The most common mistake: setting pred_horizon too long and action_horizon too short. This produces policies that over-commit to a planned trajectory and fail to react to contact events. For dexterous manipulation, the recommended starting point is Tp=16, Ta=8 — then tune from there based on task failure modes you observe.

# Install diffusion policy (Columbia reference implementation)
git clone https://github.com/real-stanford/diffusion_policy.git
cd diffusion_policy
conda env create -f conda_environment.yaml
conda activate robodiff

# Train CNN variant on a Push-T dataset
python train.py --config-name=train_diffusion_unet_lowdim_push_t_workspace

# Train on your own dataset (LeRobot format)
python train.py --config-name=train_diffusion_unet_hybrid_workspace \
  task.dataset_path=/path/to/your/lerobot_dataset \
  task.pred_horizon=16 \
  task.action_horizon=8 \
  task.obs_horizon=2 \
  training.num_epochs=3000 \
  training.batch_size=256

Datasets That Work Well with Diffusion Policy

Diffusion policy performs best on datasets with these characteristics:

Smooth, continuous trajectories: Because the denoising process produces smooth outputs, demonstrations with jerky or discontinuous motions create a mismatch between the model's inductive bias and the training data. Pre-process demonstrations to remove sudden velocity jumps.
Consistent end-effector state recording: Diffusion policy in the standard CNN variant uses end-effector position+orientation+gripper as the action, not joint angles. If your dataset records joint angles, you need a forward kinematics layer or to train the joint-space variant.
Multiple views when available: The transformer variant (DP-T) can use 2–3 camera views as tokens. Multi-view setups consistently outperform single-view on tasks with occlusion or depth ambiguity.

Published Benchmark Datasets Compatible with Diffusion Policy

Dataset	Tasks	Notes
Push-T (Columbia)	T-block pushing	Reference benchmark; highly multimodal; download from diffusion_policy repo
RoboMimic	Can, Lift, Square, Transport	Standard benchmark; MH (multi-human) subset tests multimodal handling best
ALOHA / ACT datasets	Bimanual tabletop tasks	Requires joint-space conversion; diffusion policy-T performs comparably to ACT
DROID (Google)	76,000 diverse robot episodes	Large-scale; good for fine-tuning pretrained diffusion models
SVRC custom datasets	Varies by project	Delivered in LeRobot format; compatible with diffusion_policy repo out of the box

SVRC Hardware Recommendations for Diffusion Policy

Dexterous Tasks: Wuji Hand

For tasks that require finger-level dexterity — in-hand manipulation, grasp adjustment, object reorientation — the Wuji Hand is the strongest platform for diffusion policy at SVRC. With 20 active DOF and 768-point tactile sensing per fingertip, it provides both a rich action space and a rich observation space that diffusion policy's transformer variant can exploit fully. In our internal benchmarks, diffusion policy-T on Wuji Hand outperforms ACT on tasks with contact-rich finger interactions by 18–25 percentage points in success rate.

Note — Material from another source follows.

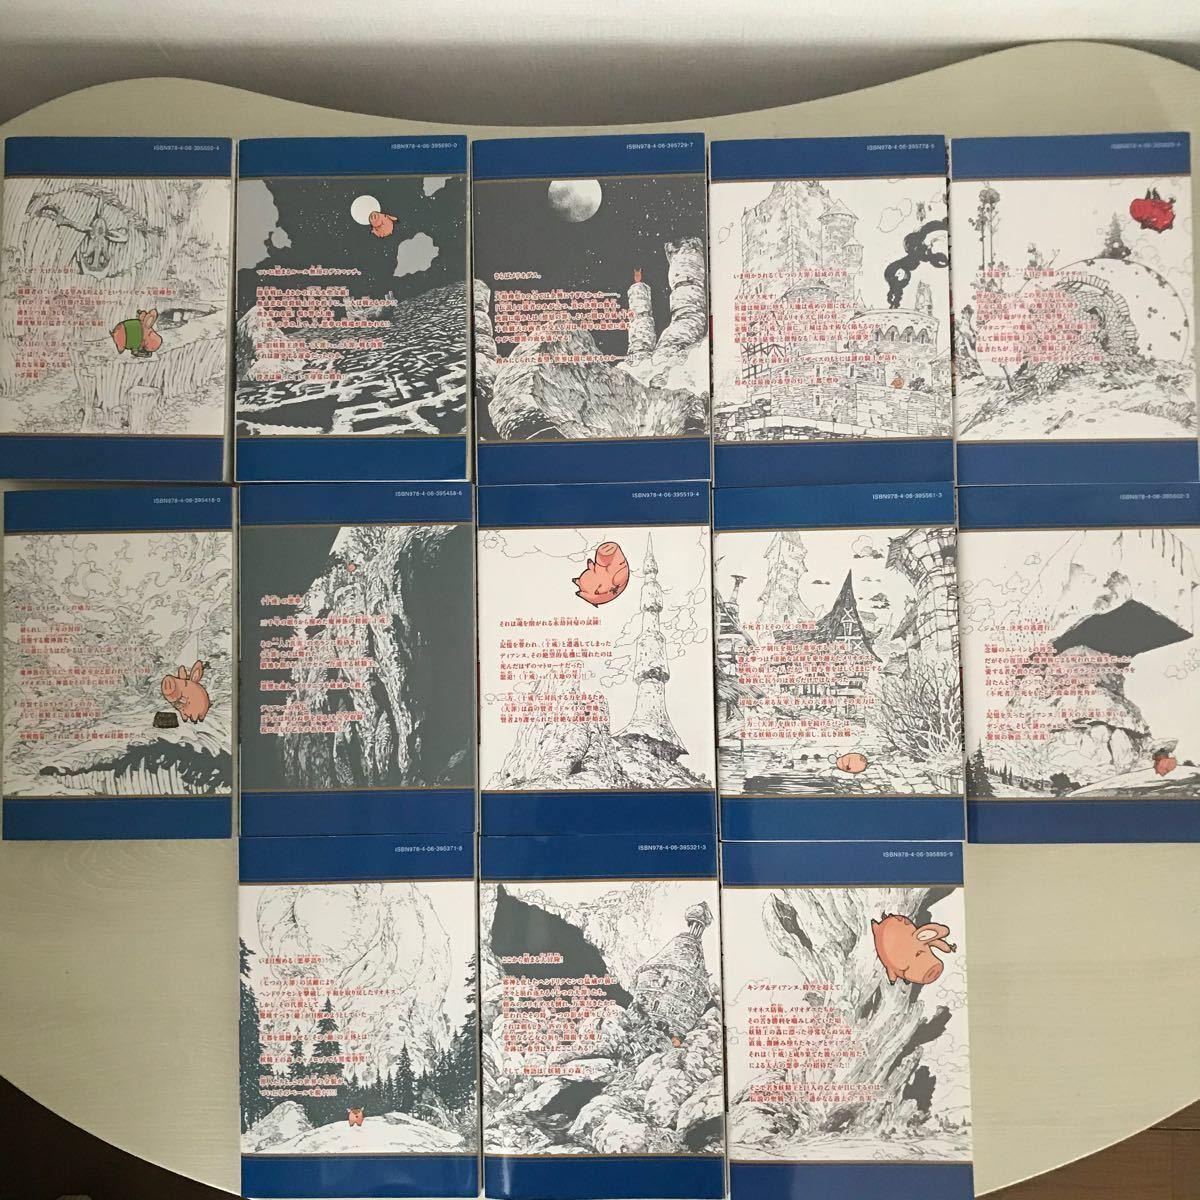 漫画 半端 まとめ売り 七つの大罪 ONE PIECE トリコ 25冊セット コミック漫画 鈴木央 ワンピース マンガ

The 768-point tactile array produces a 768-dimensional observation vector per hand, which we flatten and tokenize for the DP-T transformer. Training time increases by roughly 40% versus a pure visual policy, but success rate on contact-sensitive tasks like pin insertion, cable routing, and surface inspection improves substantially.

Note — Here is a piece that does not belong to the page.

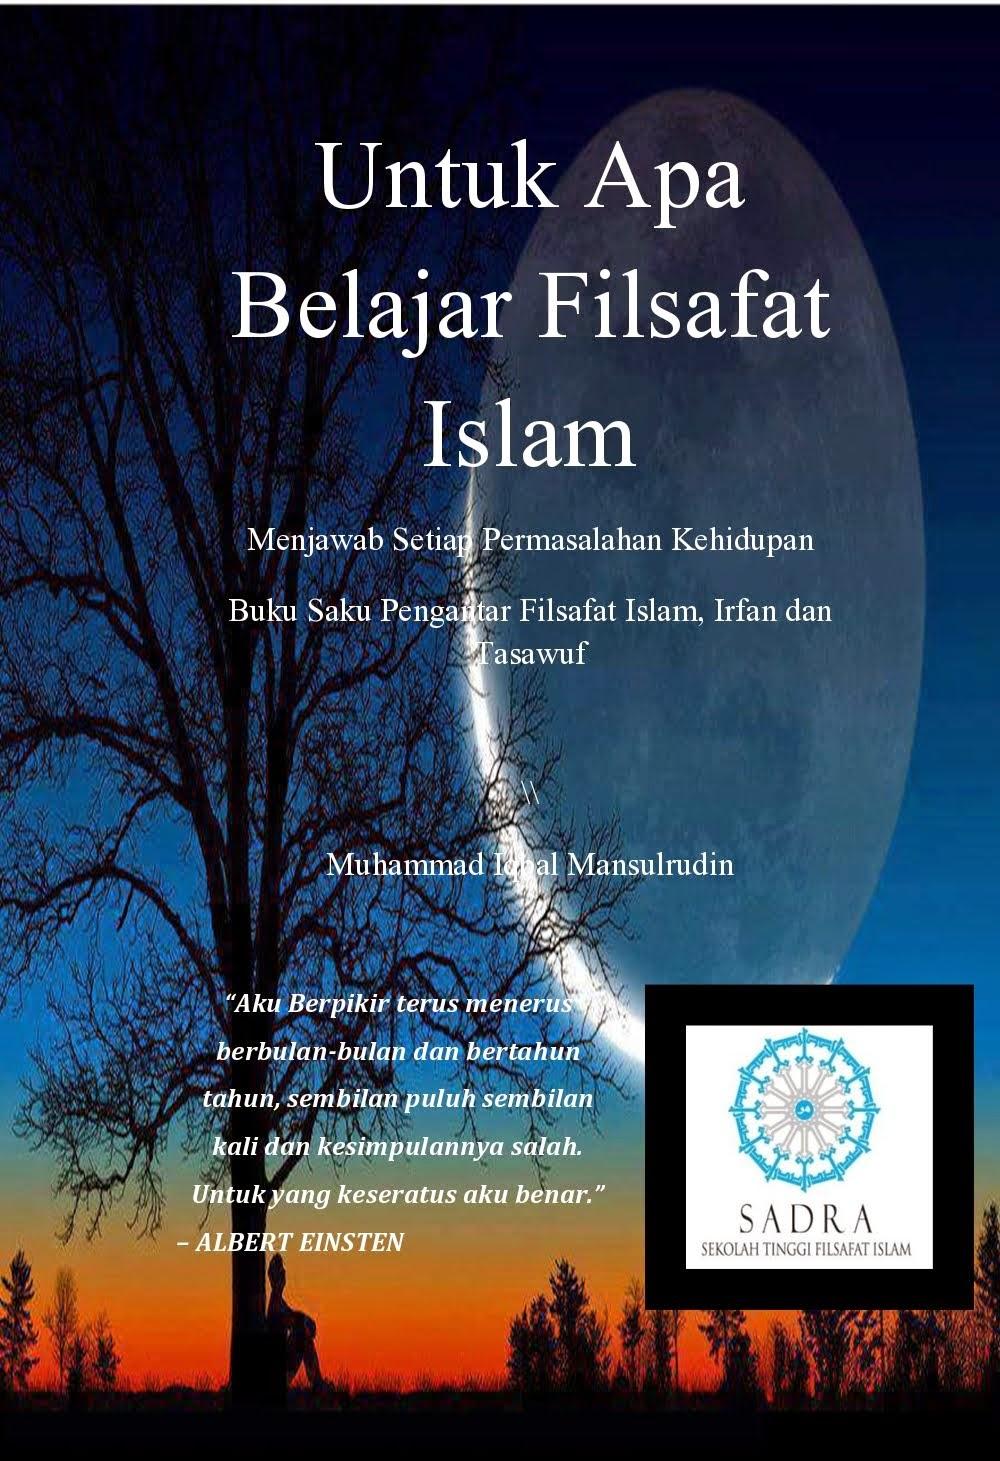 BUKU PENGANTAR FILSAFAT ISLAM

Tabletop Manipulation: OpenArm Base

For standard tabletop pick-and-place, assembly, and tool-use tasks, the OpenArm Base is the most cost-effective platform for diffusion policy work. It runs at 50Hz joint-position control, supports the standard 6-DOF + gripper action space that diffusion policy's reference implementation targets, and exports data natively in LeRobot format. The CNN variant of diffusion policy trains in 4–6 hours on a single RTX 4090 using OpenArm datasets of 100 demonstrations.

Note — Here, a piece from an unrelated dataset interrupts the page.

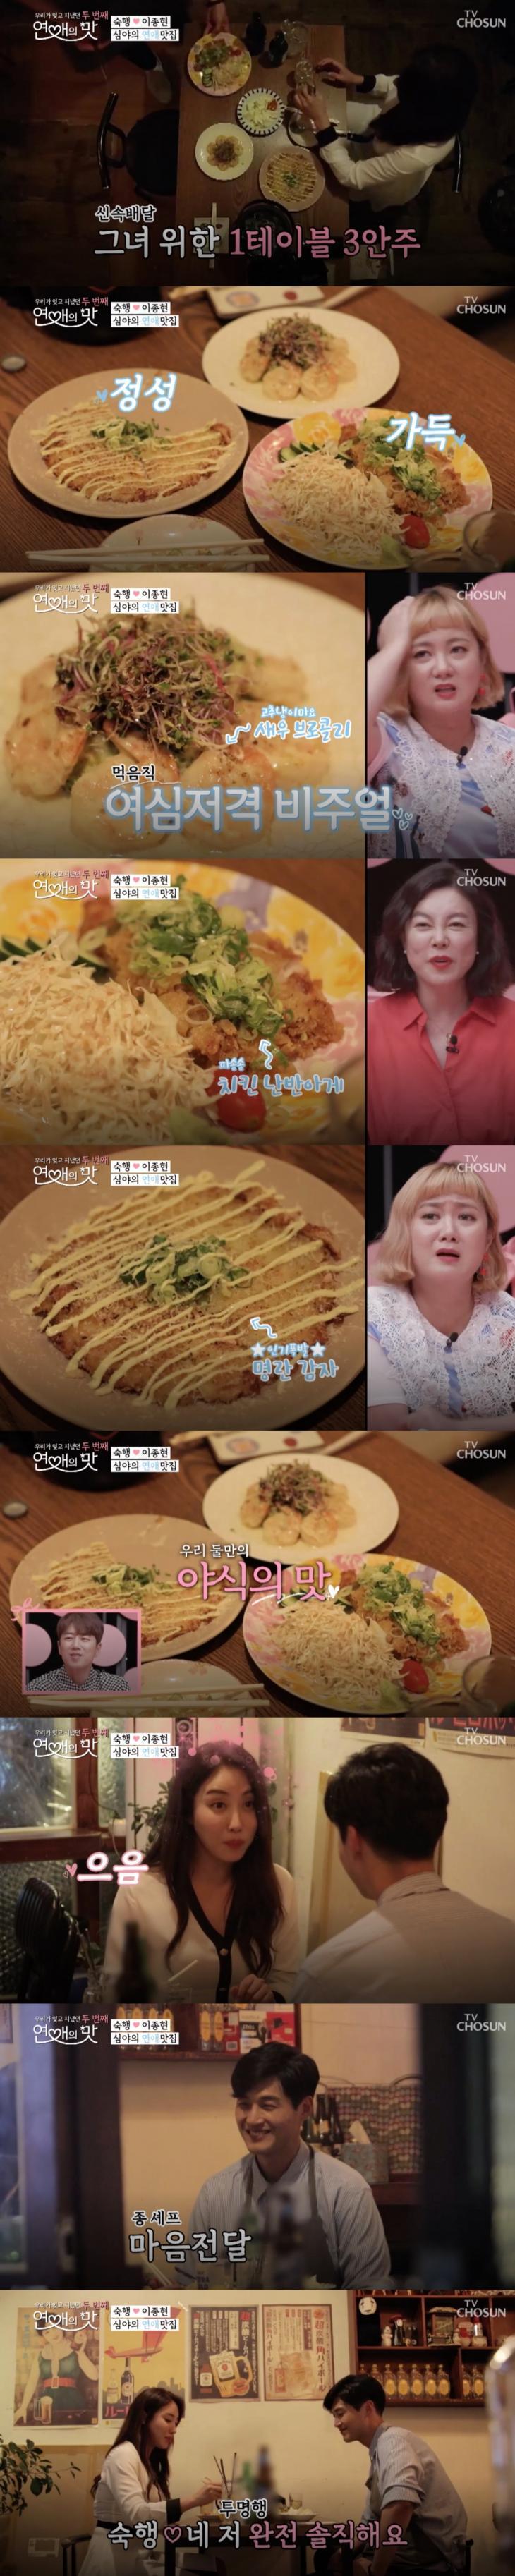 TV조선 '우리가 잊고 지냈던 두 번째: 연애의 맛' 방송 캡처

For bimanual OpenArm setups (two arms on a shared mounting frame), the transformer variant is recommended — the additional cross-attention across the joint state vectors from both arms captures bimanual coordination patterns that the CNN variant misses.

Compute Requirements

Configuration	Minimum	Recommended
DP-C (CNN, single camera)	RTX 3060 12GB, 32GB RAM	RTX 3090 24GB, 64GB RAM
DP-T (Transformer, 3 cameras)	RTX 4080 16GB, 64GB RAM	RTX 4090 24GB or A100 40GB
DP-T + Wuji tactile (768D obs)	RTX 4090 24GB, 128GB RAM	A100 80GB or 2x RTX 4090

SVRC's data services include access to A100 training nodes for diffusion policy runs that exceed local compute capacity. Managed training jobs are scheduled on-demand — contact us to discuss GPU allocation for large dataset runs.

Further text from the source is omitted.